We present two results about structural properties of delta-matroids which come from graphs and other two results about obtaining vertex-minors and pivot-minors while preserving the connectivities.
First, we introduce delta-graphic matroids and study their structural properties to characterize the class of delta-matroids that are twisted matroids and graphic delta-matroids. We give a structural characterization of delta-graphic matroids by providing the decomposition theorem. We also prove that every minor-minimal matroid which is not delta-graphic has at most 48 elements.

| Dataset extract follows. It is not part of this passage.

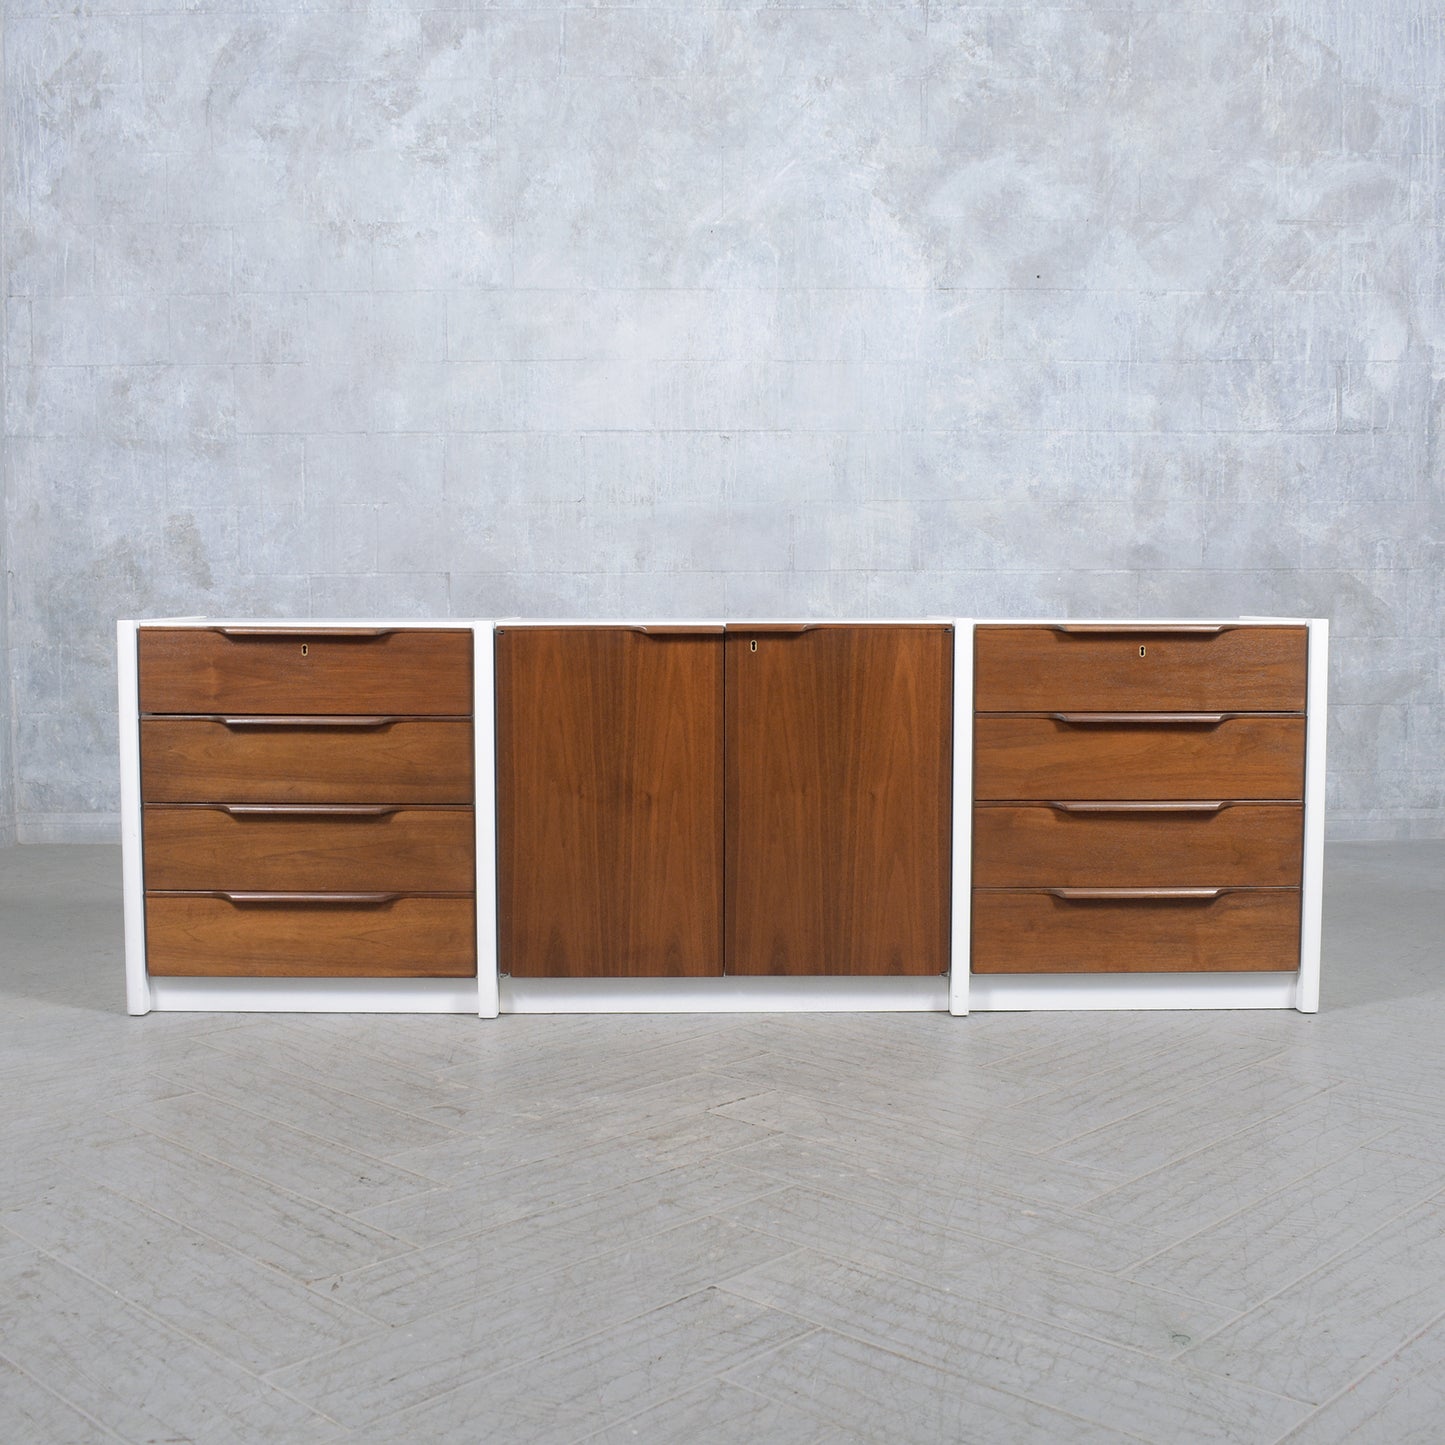 1960s Danish Executive Cabinet: Timeless Walnut Craftsmanship & Design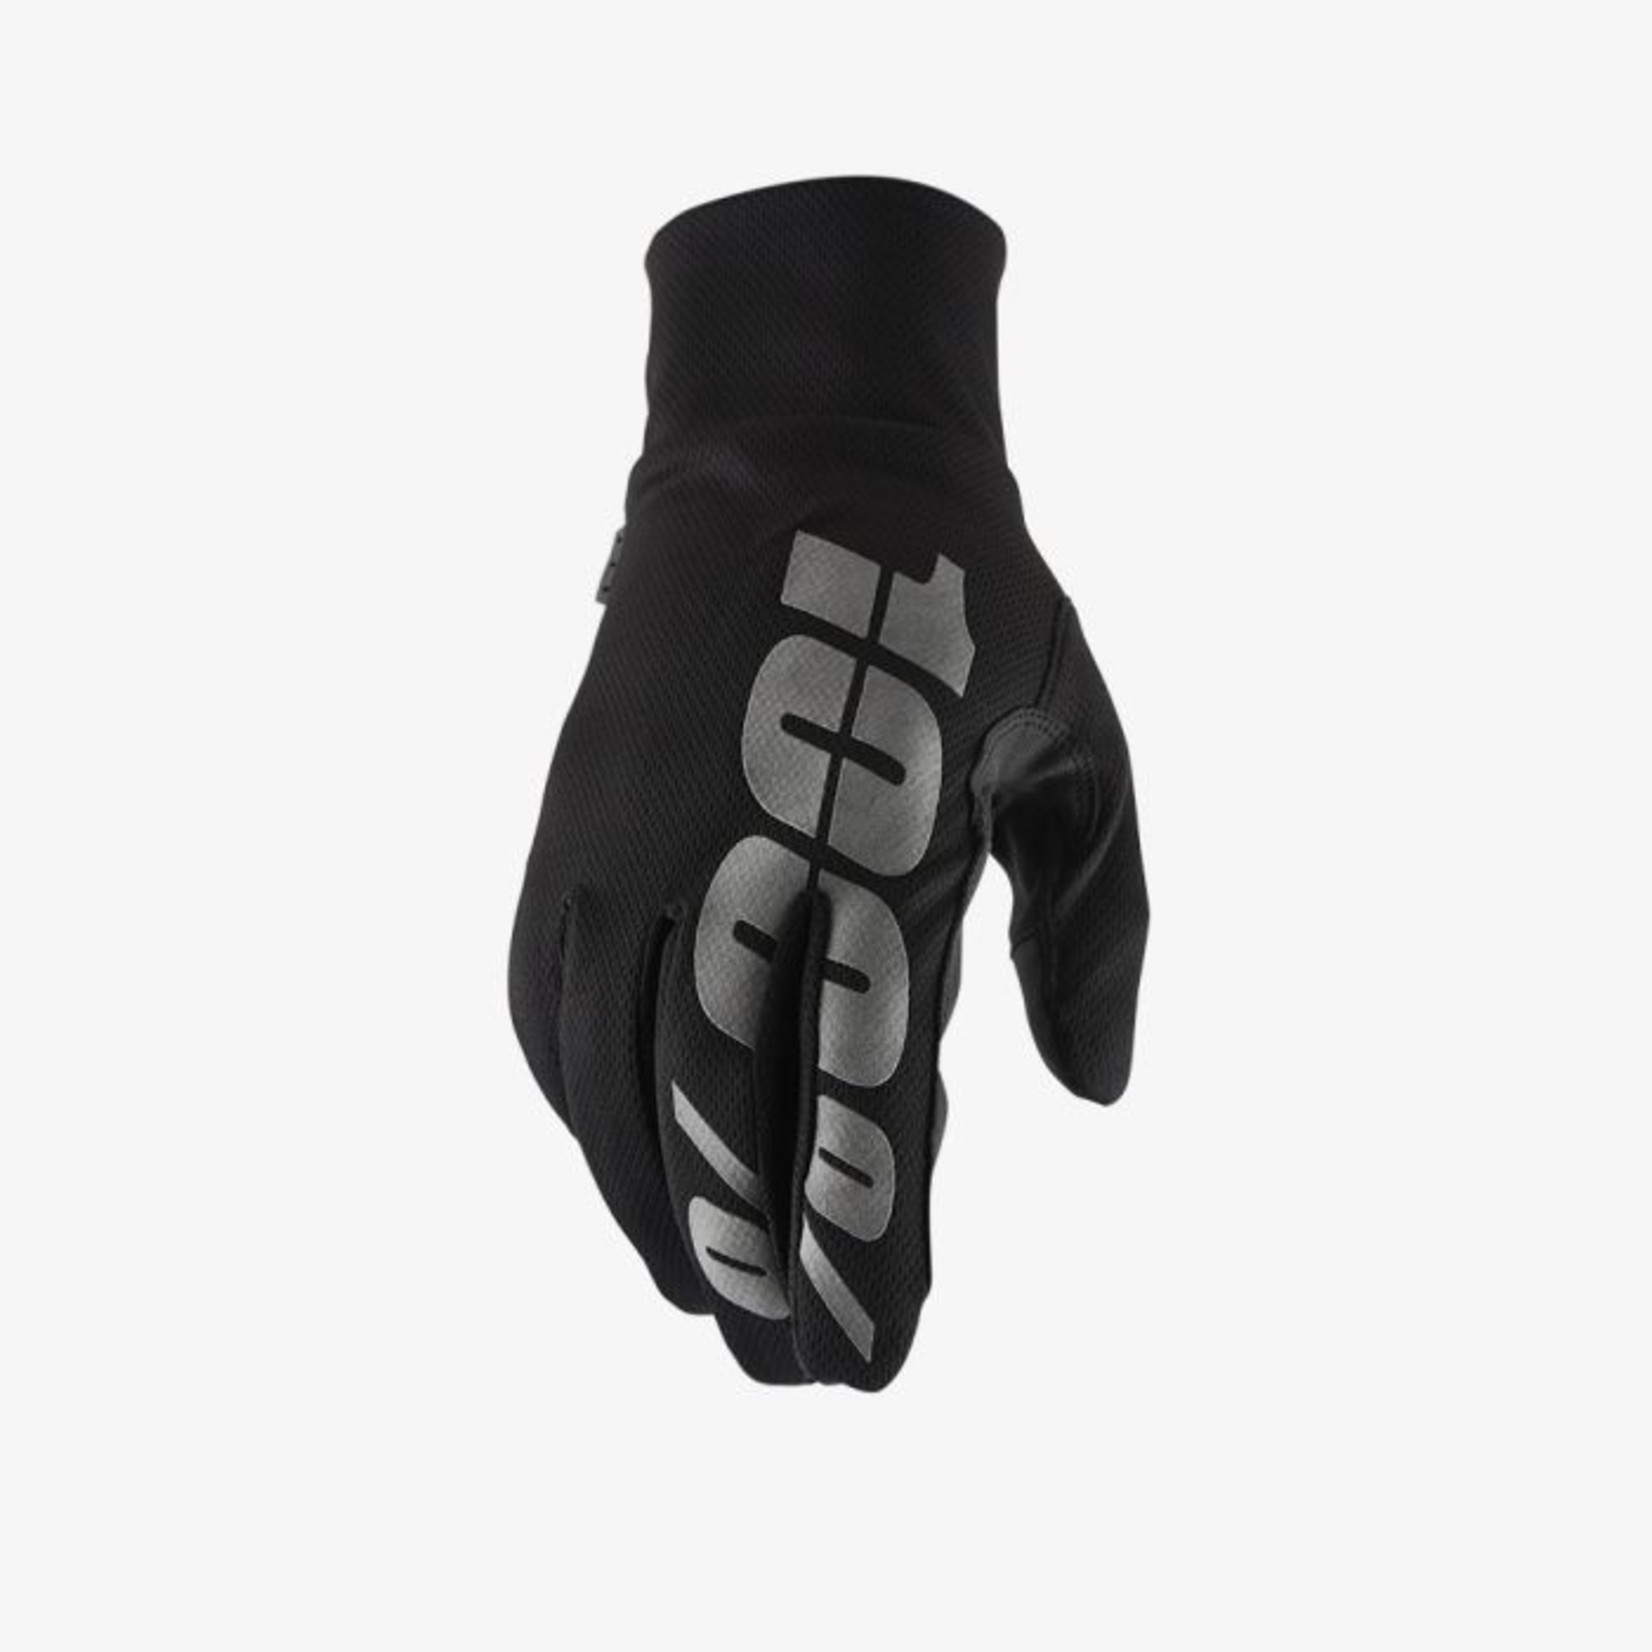 100 Percent 100% Hydromatic Waterproof Bike Cycling Gloves - Black -Polyester

Second, we introduce Γ-graphic delta-matroids defined from graphs whose vertices are labelled by elements of an abelian group Γ. We provide a polynomial-time algorithm to solve the separation problem on these delta-matroids, and as an application, we present polynomial-time algorithms for two graph problems. We further investigate various properties of Γ-graphic delta-matroids.
Third, we show that for any two pairs (Q, R) and (S, T ) of disjoint sets of vertices, if a simple graph is large, then there exist two ways to reduce the graph by a vertex-minor operation while preserving the connectivity between Q and R, and the connectivity between S and T.
Finally, we prove that if a sequentially 3-rank-connected graph is large, then there exists a sequen- tially 3-rank-connected vertex-minor with one fewer number of vertices.